Demonstrates stable performance across folds (low standard deviation), indicating robustness and generalization ability.

Achieves a much better balance between detecting fraudulent transactions and limiting false alarms.

While less inherently interpretable, it can be explained using SHAP-based feature importance.

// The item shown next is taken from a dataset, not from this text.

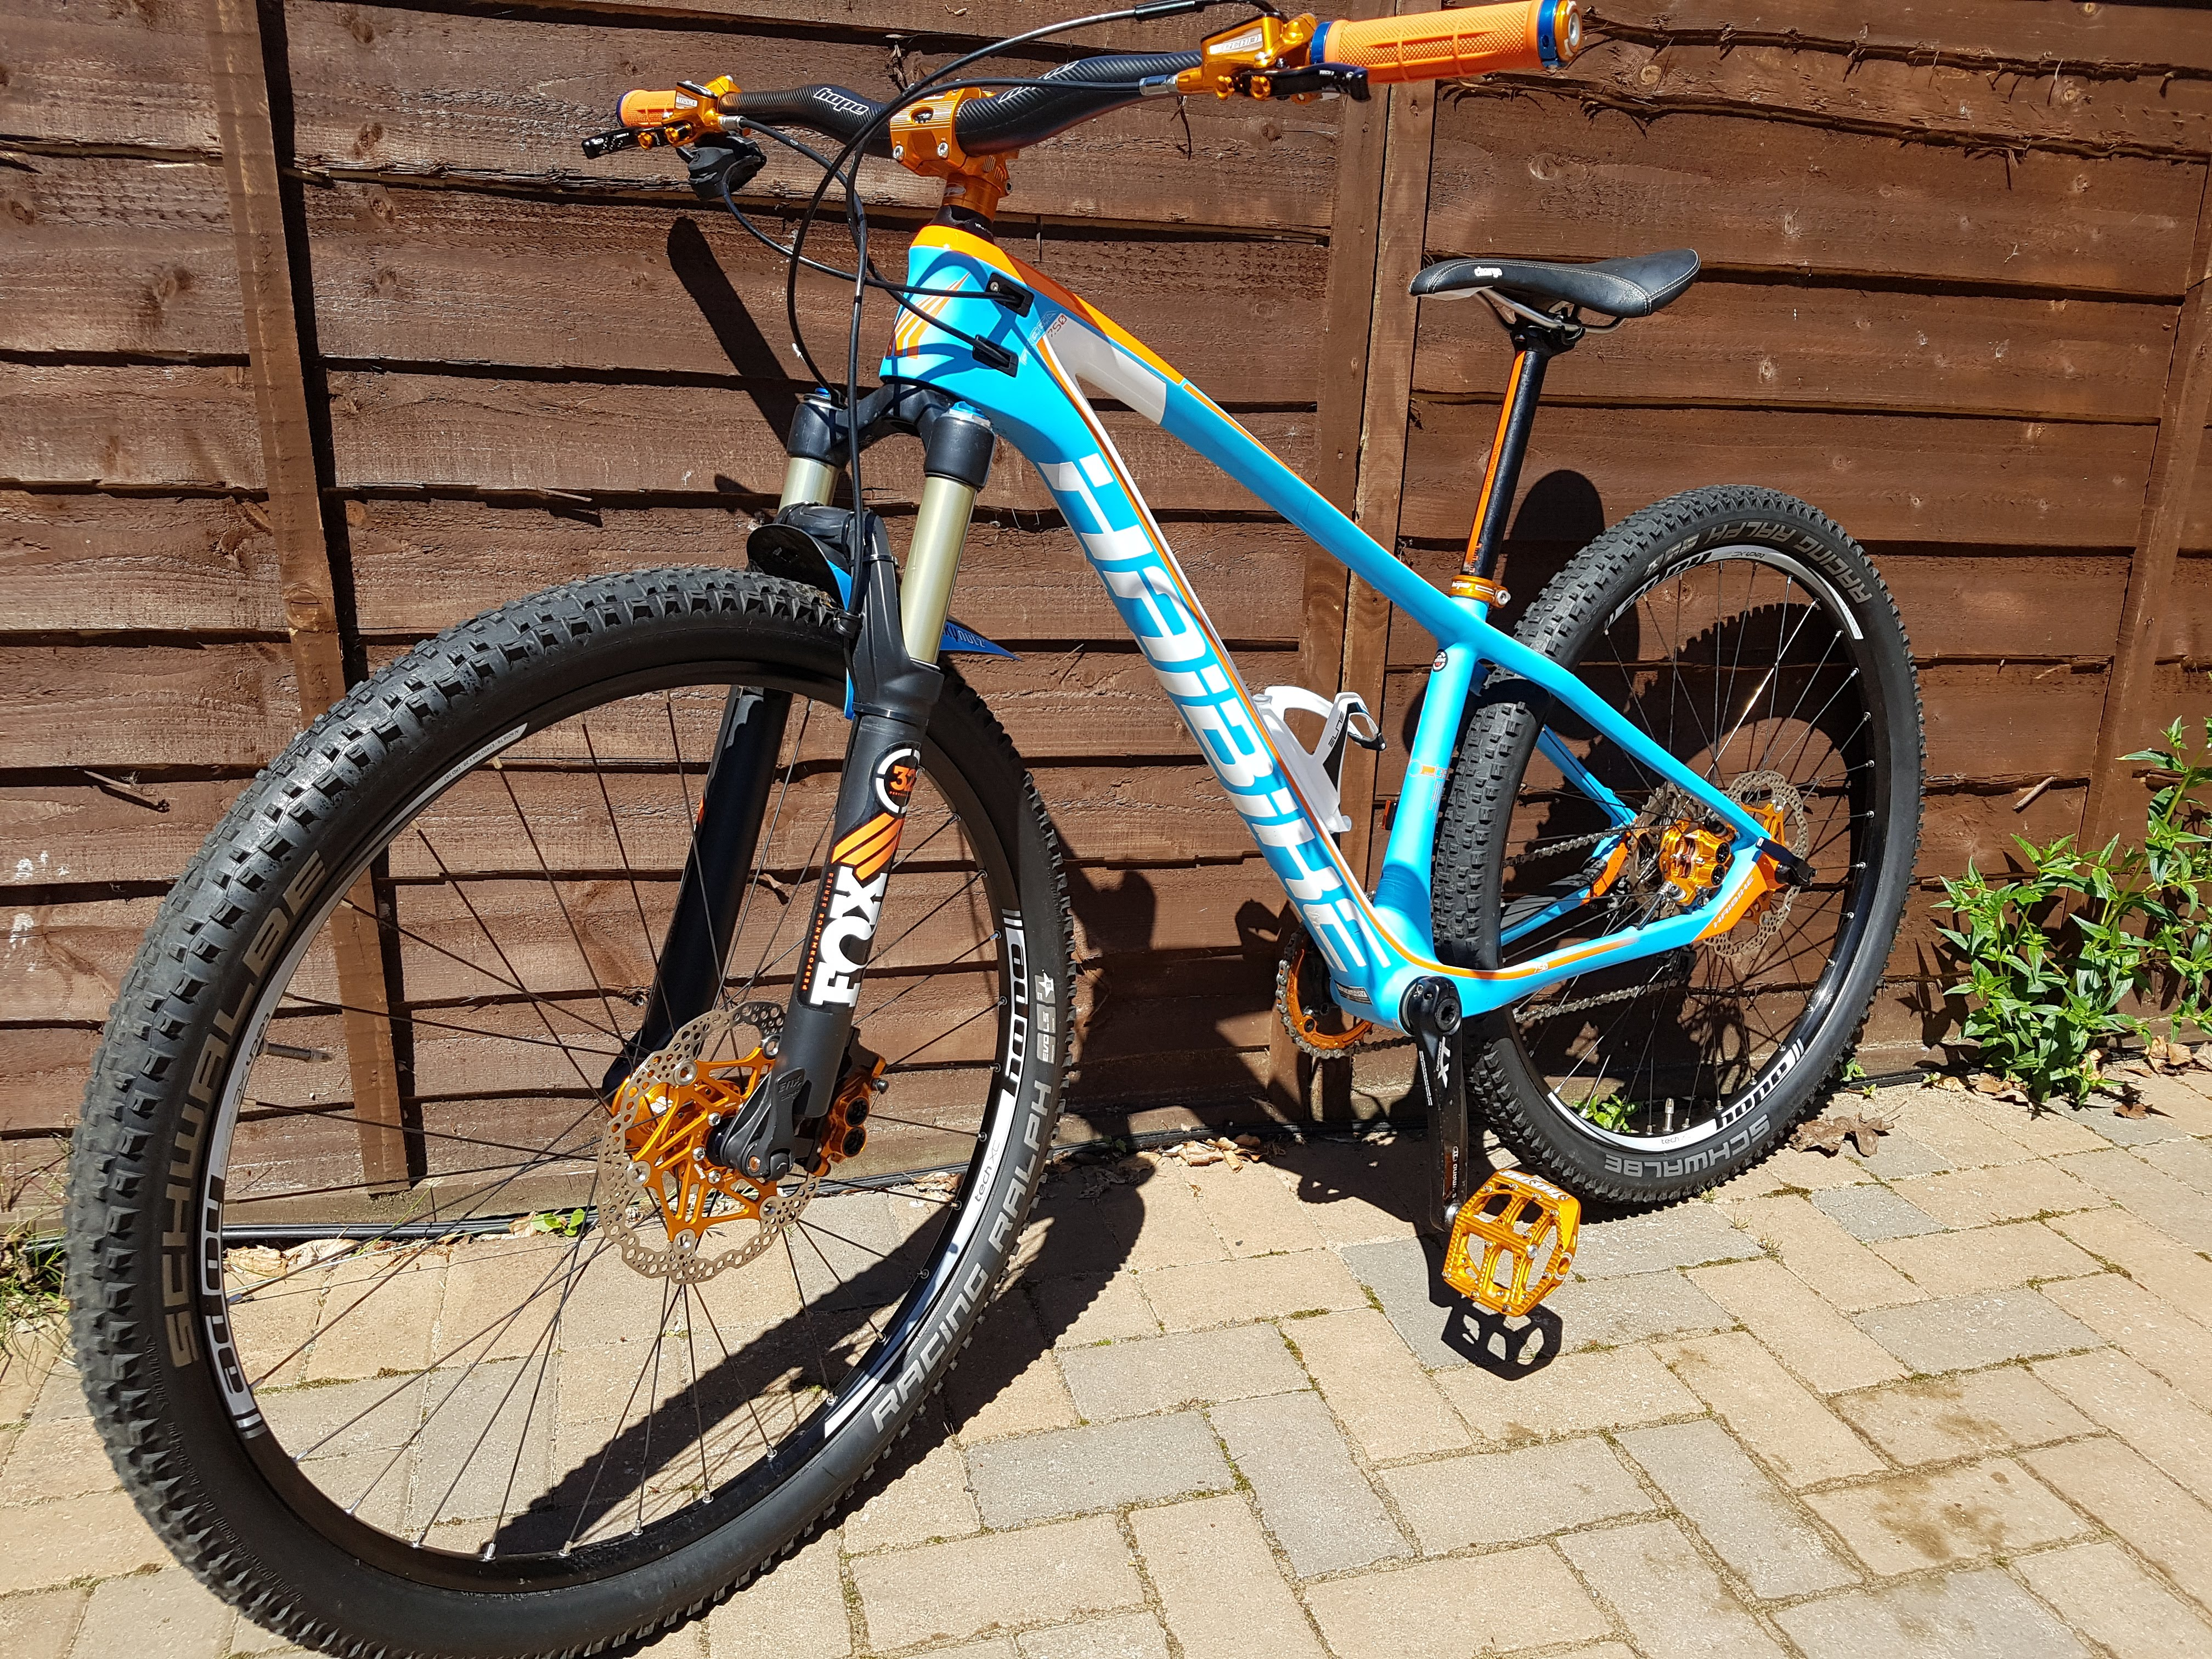 Горный велосипед haibike edition 7. 50 youtube.

## Final Model Recommendation
### ✅ Selected Model: Random Forest

Justification:

Achieves the highest F1-score, which is essential for fraud detection where missing fraudulent transactions is costly.

Produces a higher AUC-PR, making it more reliable for highly imbalanced datasets.

Shows consistent cross-validation performance, indicating robustness and reduced overfitting risk.

Better suited for real-world fraud detection systems, where predictive performance is prioritized.

Logistic Regression remains valuable as a baseline and explanatory model, but Random Forest provides the best overall trade-off between detection accuracy, robustness, and practical applicability.